Eddleman, President Elect
Soil and Water Conservation Society
COMMITTEE ON AGRICULTURE, NUTRITION AND FORESTRY
U. S. SENATE
Mr. Chairman, Senator Lugar and distinguished members of the committee,
it is indeed a pleasure to come before you to talk about the important issue of
conservation in the next
farm bill. Next week, I will begin a
term as President of the Soil and Water Conservation Society (SWCS). I am also
fortunate to serve as a Supervisor of the Marion County Soil and Water
Conservation District and on the Council of the Hoosier Heartland Resource and
Conservation and Development Area in Indiana. My commitment to care of the land
and other natural resources began when local USDA technicians helped my father
develop a conservation plan for our erosion scarred Southern Indiana farm and
continued in 4-H club and FFA work. It has continued through a career in soil
and water conservation and my current efforts in retirement. My knowledge of the
farm and producing food began during the recovery period following the Dust Bowl
of the 1930s. I remember the large gullies and acres and acres of land laid to
waste by soil erosion. I have experienced sitting in the seat of a 1940s farm
tractor as it sled into a gully as I tried to shape it into a grassed waterway.
I have witnessed the miraculous recovery of those same acres as a result of the
cooperation and effort made by government, educational institutions, farm
organizations, conservation groups and Soil and Water Conservation Districts.
You will recall that Mr. Craig Cox, Executive Vice President of the Society, met
with you on March 1 and June 28, 2001 and discussed the Seeking Common Ground
For Conservation project being carried out by SWCS to help stakeholders and
policymakers shape the conservation provisions for the 2002
farm
bill. I do not intend to repeat his testimony today but will build on a
few of the key recommendations to come out of the effort. During that testimony
Mr. Cox stressed that the goal of the next
farm bill should be
to add balance to conservation policy that relies too heavily on programs that
take land out of production and a farm policy that relies too heavily on
supporting the income of a minority of farmers who produce a handful of
subsidized commodities.
Since his testimony, the Society has completed
the Seeking Common Ground Report - An Agricultural Conservation Policy Report.

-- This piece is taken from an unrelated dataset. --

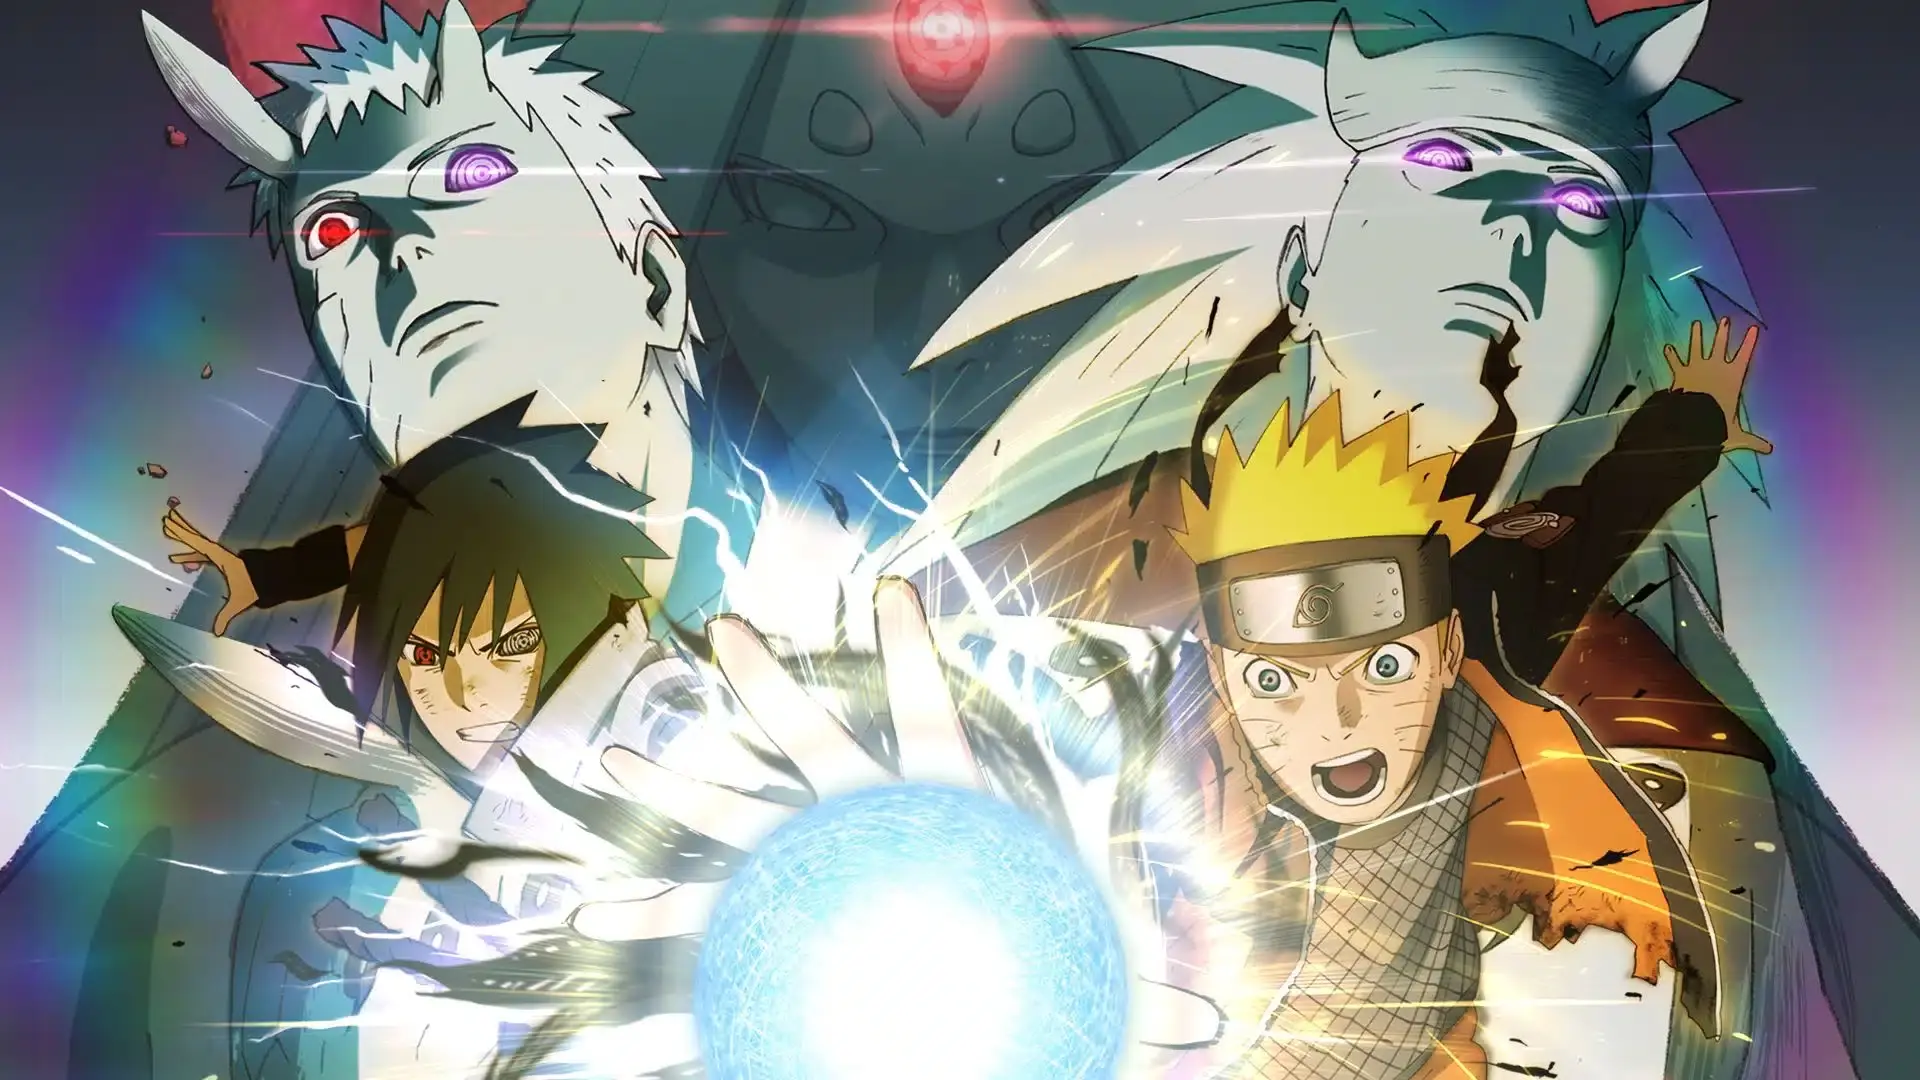 Orden cronológico para ver Naruto: serie anime, películas y OVAs

You have received copies of the Report for detailed study. The report contains
22 recommendations. These recommendations are based on the results of five
regional workshops attended by a similar number of agricultural, fish and
wildlife and water resources organizations. Participants were asked to develop
specific recommendations for reform of conservation and farm policy that would
help get conservation on the ground. The final recommendations are the
Society's, based on the input from the workshops and deliberations from a policy
advisory group. The recommendations represent our best judgment of the policy
reforms that hold the most promise for addressing the hopes and concerns raised
in the workshops.
Conservation entered farm policy in the 1930s during a
time of crisis - economic and ecologic. The role of conservation then was
largely to serve agriculture by developing and managing soil and water resources
as a means of enhancing agricultural production and rural development. The
resulting victory over widespread waste and degradation of our land and water
resources is among our most significant accomplishments of modern conservation.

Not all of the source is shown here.